# Holding dogs and analysts



## nizar (28 March 2007)

Didnt really know what to call this thread, but found some interesting quotes from Michael Covel's book about PROFESSIONAL MONEY MANAGERS that held worldcom and enron until the very end.

And of course, analysts.



> Referring to $8.4million in WorldCom stock now only worth about $492,000: "Until you actually sell it, you haven't lost it" - Robert Leggett, Kentucky Retirement Systems.






> "If you had Enron in your portfolio and didnt sell it at $90 or even at $10, dont feel embarrassed. On the surface it had always seemed to be a fairly good growth stock. We bought it all the way down" - Alfred Harrison, money manager at Alliance Capital Management Holding LP.






> "When people say the market is over-valued and there's a bubble, whatever that means, they're talking about a handful of stocks. Most of these stocks are reasonably priced.

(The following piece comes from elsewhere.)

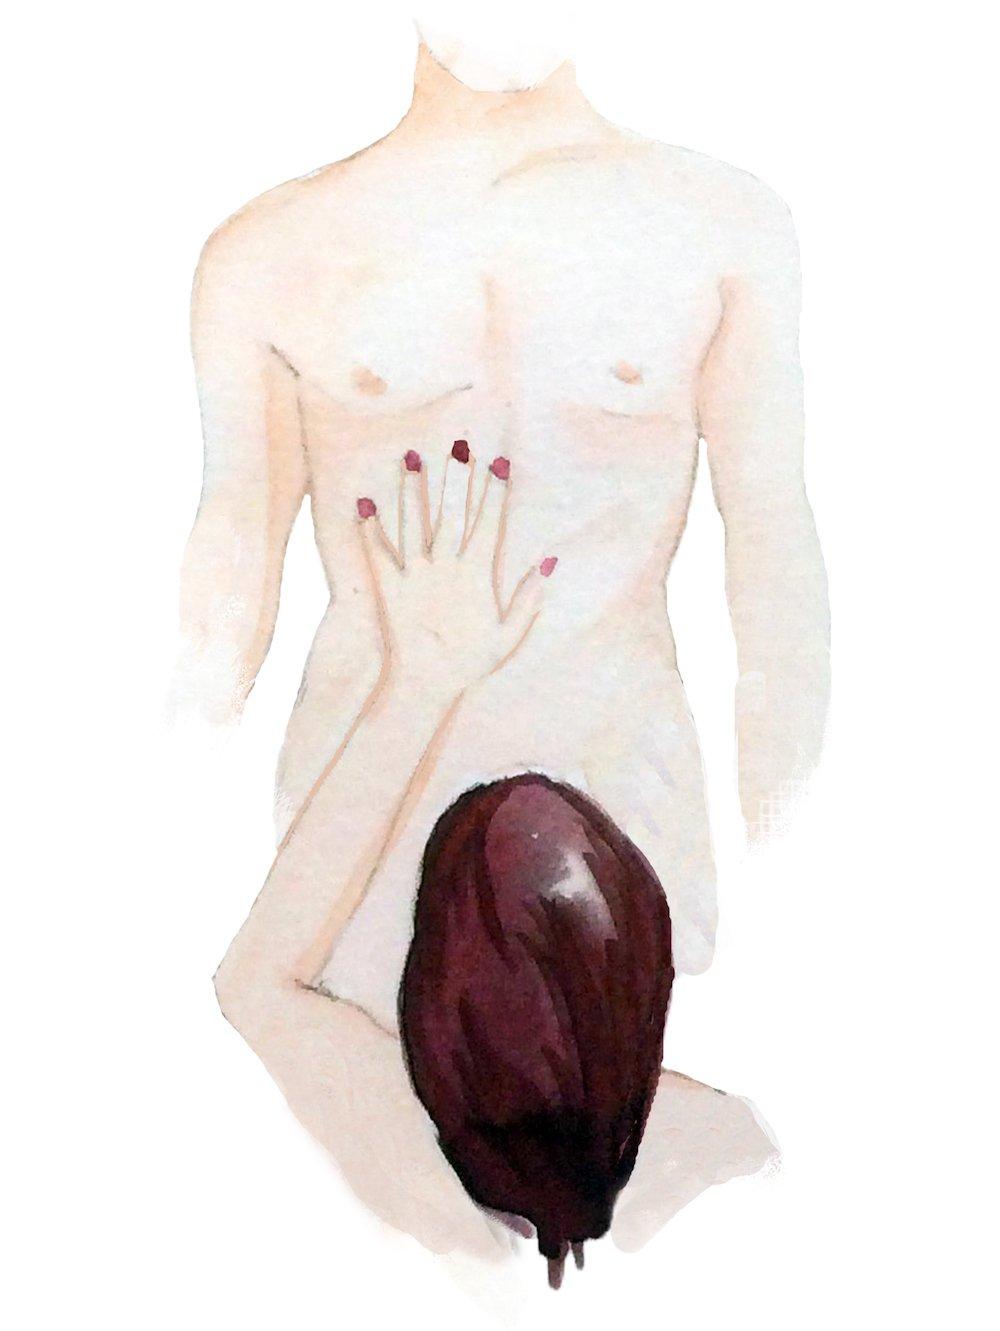 2 оргазмические секс-игры с минетом, которые она полюбит!

There's no reason for them to correct violenty anytime in the year 2000" - Larry Wachtel, Market Analyst, Prudential Securities December 23rd, 1999






> "Jan, the botton line is, before the end of the year, [2000] the NASDAQ and Dow will be at new record highs" - Myron Kandel, Financial Editor and Anchor CNNfn/Cofounder, CNN April 4th, 2000






> Enron stock was rated as "Can't miss" until it became clear that the company was in desperate trouble, at which point analysts lowered the rating to "sure thing". Only when Enron went completely under did a few bold analysts demote its stock to the lowest possible Wall Street analyst rating, "Hot Buy"


----------



## CanOz (28 March 2007)

Hilarious Nizar! Great thread, i hope i can find some gems like that!

Cheers,


----------



## tech/a (29 March 2007)

> Referring to $8.4million in WorldCom stock now only worth about $492,000: "Until you actually sell it, you haven't lost it" - Robert Leggett, Kentucky Retirement Systems.

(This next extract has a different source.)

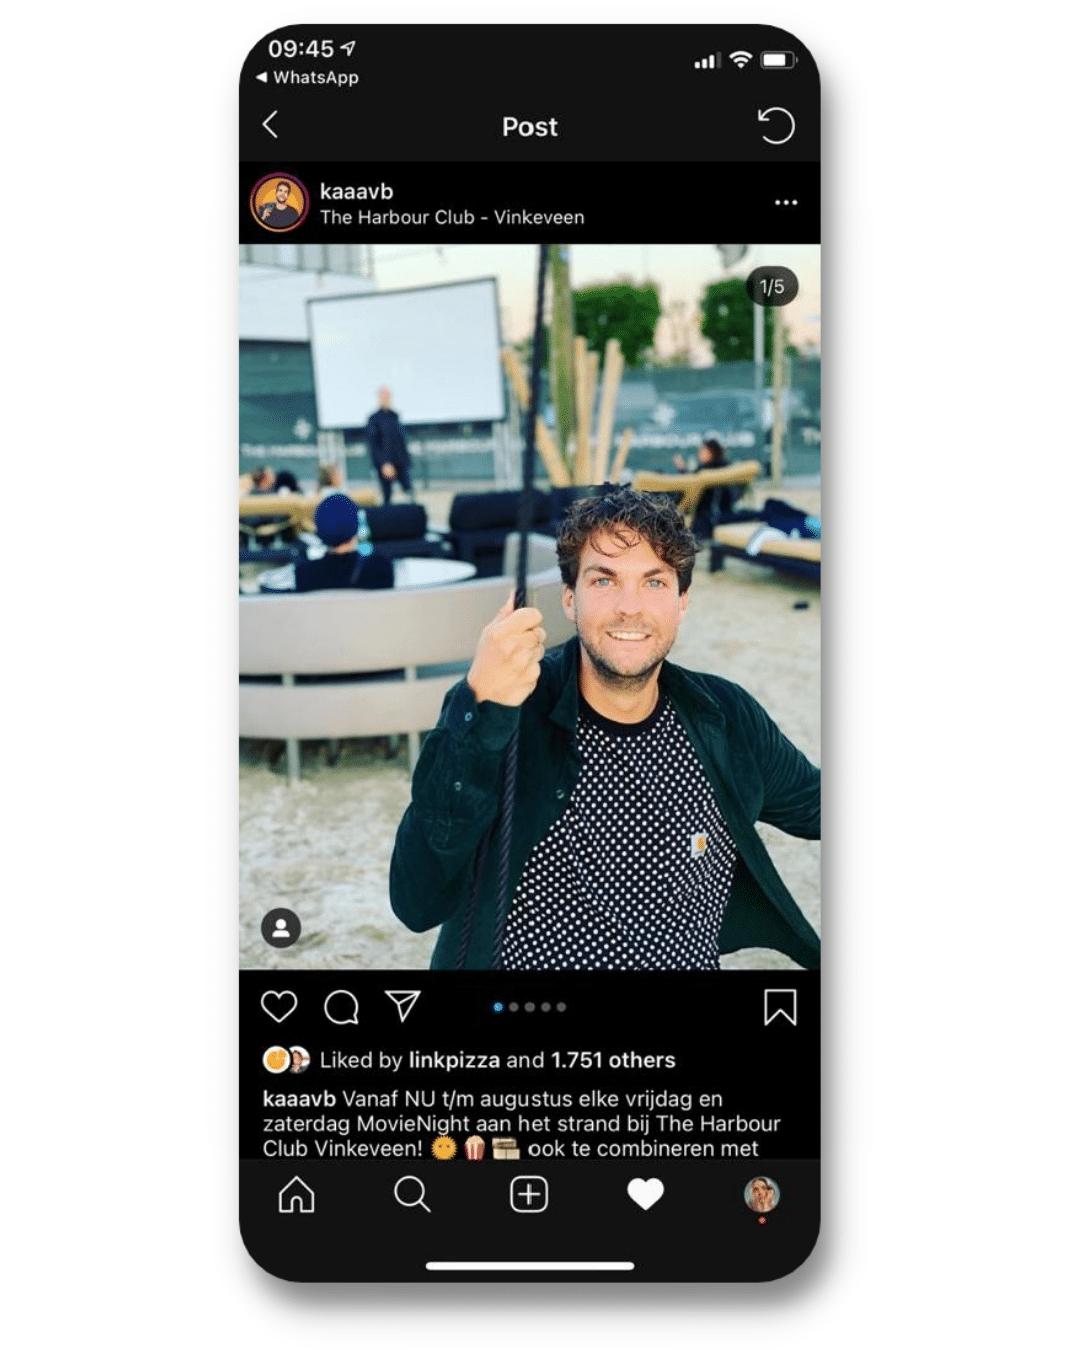 Instagram influencers the Harbourclub

Im sure this is miss quoted.

Wasnt this the Ducster??


----------



## nioka (29 March 2007)

I'm happy to hold dogs if the fundamentals are sound. Sometimes I sell to get the capital loss but buy in again. eg. TAS I had expected them to rise along with EDE as the value of their interests exceed their SP and they have some other value assets. I look at them as long term and will probably "exchange" the FPOs for options. Another I hold as a dog is MOS for similar reasons.
Any comments appreciated.

P.S. I held Sally Malay as a dog once. Glad I did.


----------